Il faut souligner que cette initiative ne reflète pas une volonté de repli sur un illusoire «réduit cantonal», en espérant éluder les effets de la libéralisation-privatisation à l’échelle nationale. Au contraire, outre ses objectifs cantonaux, elle s’inscrit pleinement dans l’opposition à celle-ci, et les 10000 signatures – à récolter! – représenteront une réponse plus démocratique à la consultation fédérale récemment close, que celle du Conseil d’Etat genevois qui n’a – évidemment! – pas osé dire NON au projet de libéralisation proposé par Moritz Leuenberger & Co…

Pierre VANEK

  1. V. NZZ du 4.11.04 «Nun doch subito zum freien Strommarkt?»
  2. Les «Genevois-e-s» trouveront l’initiative sur notre site www.solidarites.ch

«Le comité référendaire s’oppose fondamentalement à la libéralisation et à la privatisation de l’approvisionnement en électricité. Le système actuel des monopoles, concédés par les communes et les cantons, et des centrales et entreprises électriques majoritairement publiques a prouvé sa fiabilité. De ce fait, nous ne voulons pas d’une loi sur le marché de l’électricité favorisant la déréglementation et la privatisation du secteur de l’électricité mais une loi sur l’approvisionnement en électricité garantissant un approvisionnement en énergie sûr, durable et économique pour toute la population. Cette loi devrait s’appuyer sur les piliers suivants:

  • Les réseaux et les grandes centrales doivent intégralement être entre les mains des pouvoirs publics. D’une importance stratégique, ils doivent être soumis à un contrôle public et démocratique.
  • L’objectif premier de la loi doit être de garantir la sécurité de l’approvisionnement.
  • Tous les distributeurs sont obligés de proposer une part d’énergies renouvelables à des prix abordables.
  • Un mécanisme de soutien financier à la recherche et aux investissements dans les nouvelles sources d’énergie doit être introduit.
  • La loi doit contraindre les cantons à introduire une tarification favorisant les utilisateurs économes et défendant les petits consommateurs. Les économies d’énergie doivent être récompensées.
  • Des mesures doivent être prises pour la sauvegarde des emplois, notamment à travers la promotion des énergies nouvelles et le développement des services dans le secteur énergétique.

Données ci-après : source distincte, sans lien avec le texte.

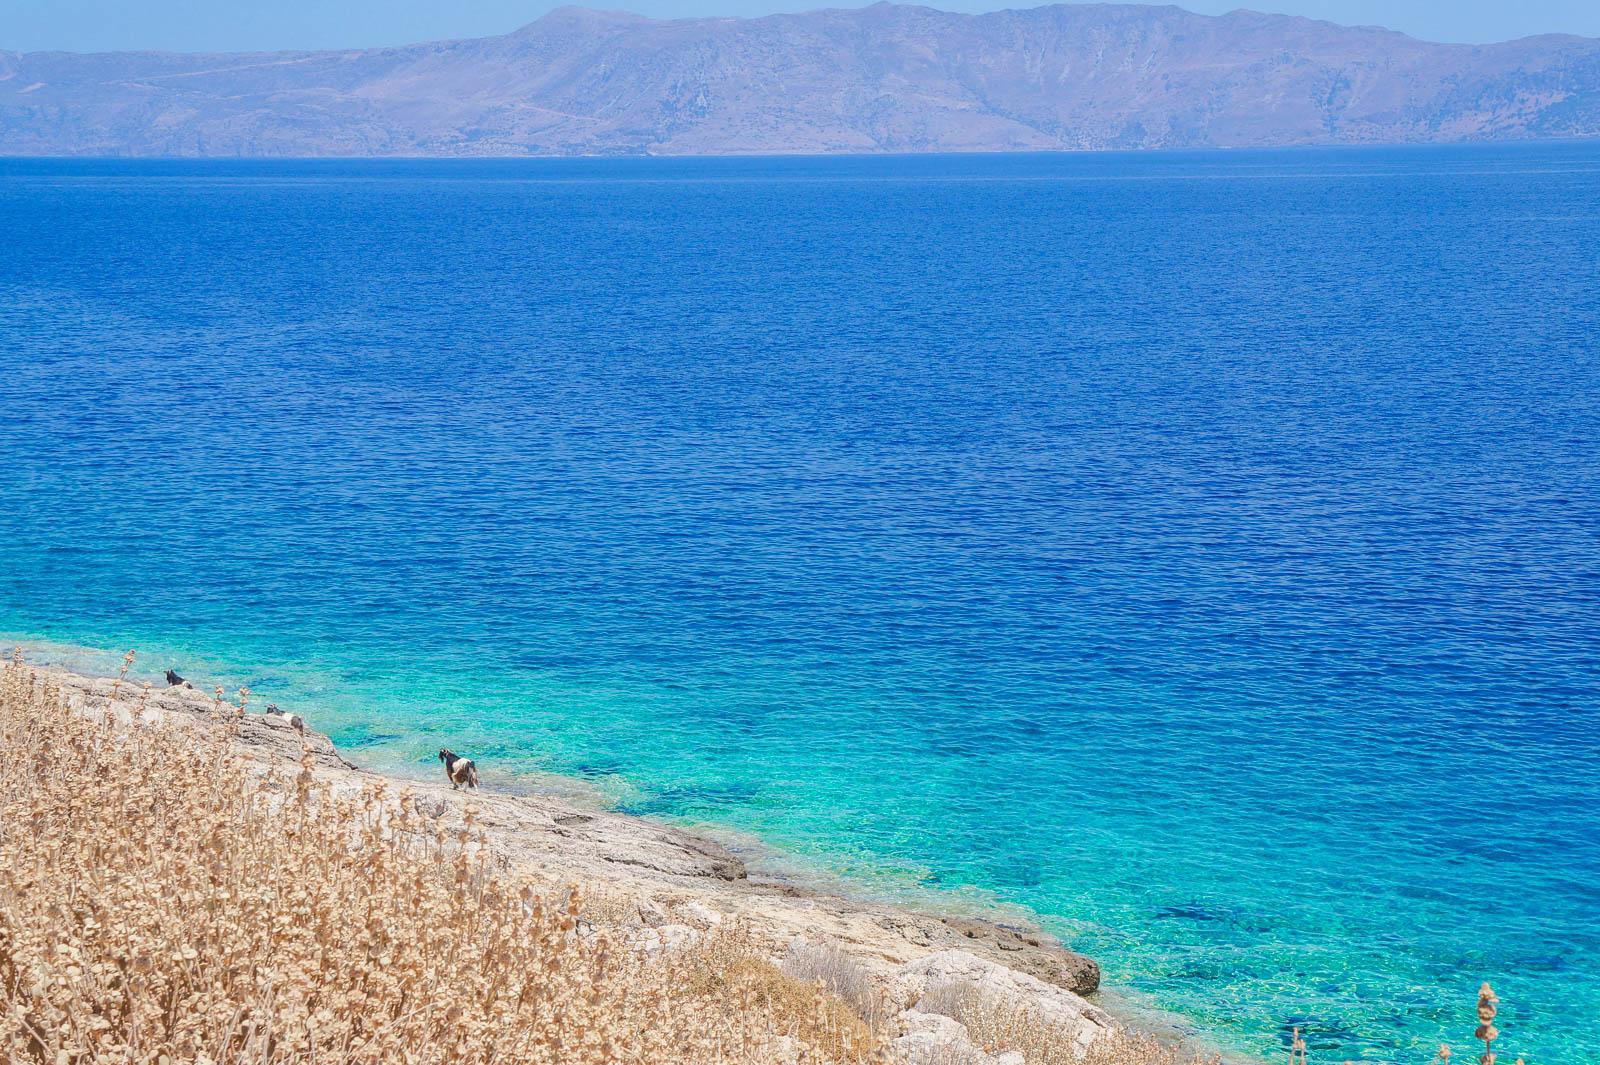 mpalos-beach-crete-greece-la-vie-en-blog-all-rights-reserved

Nous revendiquons une économie de l’électricité respectueuse de l’environnement, sociale et soumise à un contrôle démocratique. Il y aura donc lieu d’élaborer rapidement une législation qui tienne compte de ces principes et ne se fonde pas sur le profit à court terme, après la victoire au référendum. Notre engagement contre la LME est un engagement en faveur d’un service public décentralisé et démocratique dans le secteur de l’électricité.»